From the shelf below the bedside stand he got a wine glass and a half-full bottle of rum, opened the window to let in the cold wet night air and the smells and incessant night sounds of Market Street. He sat down in the room’s only chair and drank rum and rolled and smoked cigarettes.
“The plot thickens,” he finally muttered aloud.
He washed and dried his glass, put it and the Bacardi back in the nightstand. He undressed and put on the green-and-white checked pajamas he took from under the pillow, pulled the chain on the overhead bulb, and got into bed.
He slept.
8
Take It to the Bank
“Sam, what happened to your face?”
Spade wore a white shirt with narrow green stripes; his suit coat was over the back of his swivel chair. He stubbed out his cigarette, said, “Three muggers. We’re making progress.”

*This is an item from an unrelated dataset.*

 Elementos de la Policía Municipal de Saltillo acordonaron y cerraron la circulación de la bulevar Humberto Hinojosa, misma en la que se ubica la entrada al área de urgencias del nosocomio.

“Getting beat up is making progress?”
“You oughtta see the other guys.”
“There was nothing in the papers—”
“I can’t figure if they were warning me off or trying to kill me.”
“Kill you?” Effie Perine’s face was suddenly pale.
“Brass knucks, a shiv, a baseball bat. Easy to go too far. Someone’s getting worried.” He leaned forward, elbows on the desk. “I was on the San Anselmo last night and watched two seamen on graveyard watch checking out the drainpipes.”